What is Ex corde Ecclesiae?

It is the Apostolic Constitution on Catholic higher education issued by Pope John Paul II in 1990. The document identifies what constitutes Catholic identity at Catholic colleges and universities and specifies General Norms to achieve a Catholic mission. These Norms are binding on Catholic colleges as an application of Canon Law. In 1999 the U.S. bishops approved guidelines to implement Ex corde Ecclesiae in the United States; these became effective in 2001. Compliance by the U.S. Catholic colleges and universities varies widely. Clearly, a Catholic institution that minimizes or subverts Ex corde Ecclesiae, which has the force of Canon Law, has serious problems with its Catholic identity. All colleges recommended in this Guide enthusiastically support and abide by Ex corde Ecclesiae.

I’ve been to Norte Dame. I don’t deny that there are a lot of good Catholic students there. But there are also faculty who are not Catholic and who want the University to pay for Birth Control and Abortions. Villanova, which I’ve been to a lot has the same issues as Norte Dame.

Note: In no way are we saying that students are not Faithful. But that a lot of Catholic universities care more about being competitive against secular schools than being 100% Faithful to the Church. Or have officials who honor anti-Catholic politicians, like Norte Dame did when they honored President O’Bama.


#8

Don’t be in denial. I know that there are devout Catholic students and faculty at Notre Dame. Unfortunately, there are also many faculty and administrators who are in active opposition to the Church.


#9

If the requirement for ‘Catholicity’ is that 100% of those involved are 100% on board, then even the Church itself ceases to be ‘Catholic’ in the sense that her members don’t even add up to that. Again, come see how faithful a Catholic can be while here at ND. I am honestly quite happy to attend Mass with anyone who visits and chat with them over a coffee.


#10

In my experience, there are two sides regarding Notre Dame on CAF.

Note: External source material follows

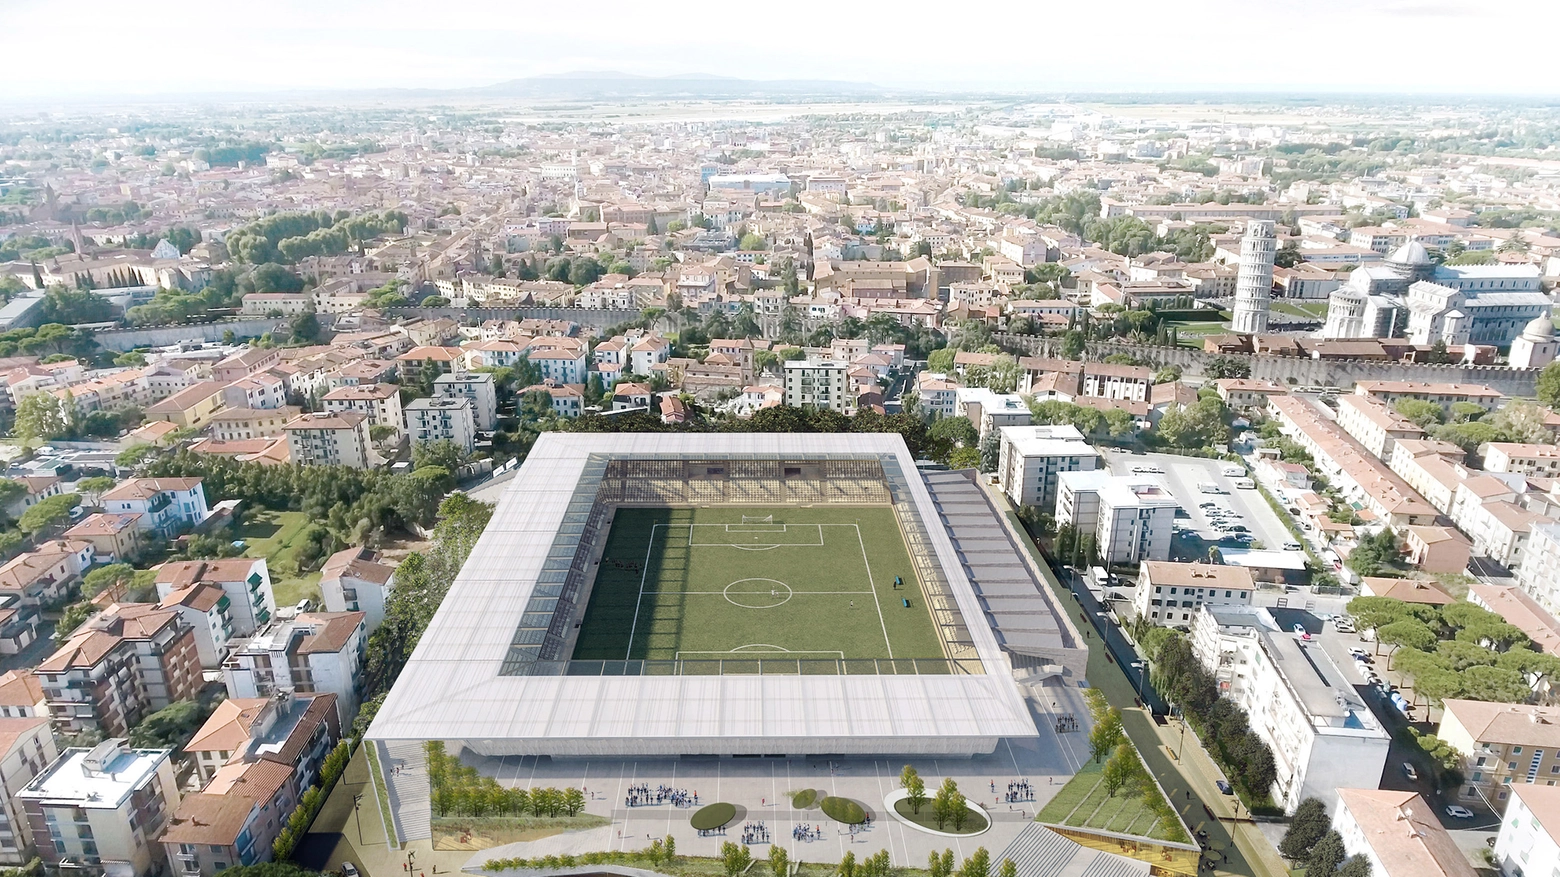 La nuova Arena Garibaldi: il progetto approvato dal comitato tecnico

On one side, there’s the folks who are mad at ND for failing to represent the faith as it should, by not embracing Ex Corde. They tend to simply write ND off. If things miraculously change, great, but they’re not invested in making that happen.

On the other side, there’s the folks who see ND as a preeminent Catholic academy, and as a vital battleground where the Church still has a very large and faithful contingent.

I am one of the latter. ND is far from being past the point of no return. I have yet to meet anyone who has spent any large amount of time there who wants to write it off (football weekend visitors don’t count.)


#11

I concur with this statement. But would also like to add that some of the universities who don’t make the cut allow student organizations to exist which are in violation of Catholic values/teachings.

For example, a Catholic university should not allow a student organization to exists as a registered student organization which hands out free condoms to students like Georgetown does/did.

While the Universities can’t control the views of the students, they can control what organizations will be recognized as being officially recognized by the university.

They can also ban pro-abortion, pro-gay marriage, pro assisted suicide groups/speakers form meeting/speaking on campus.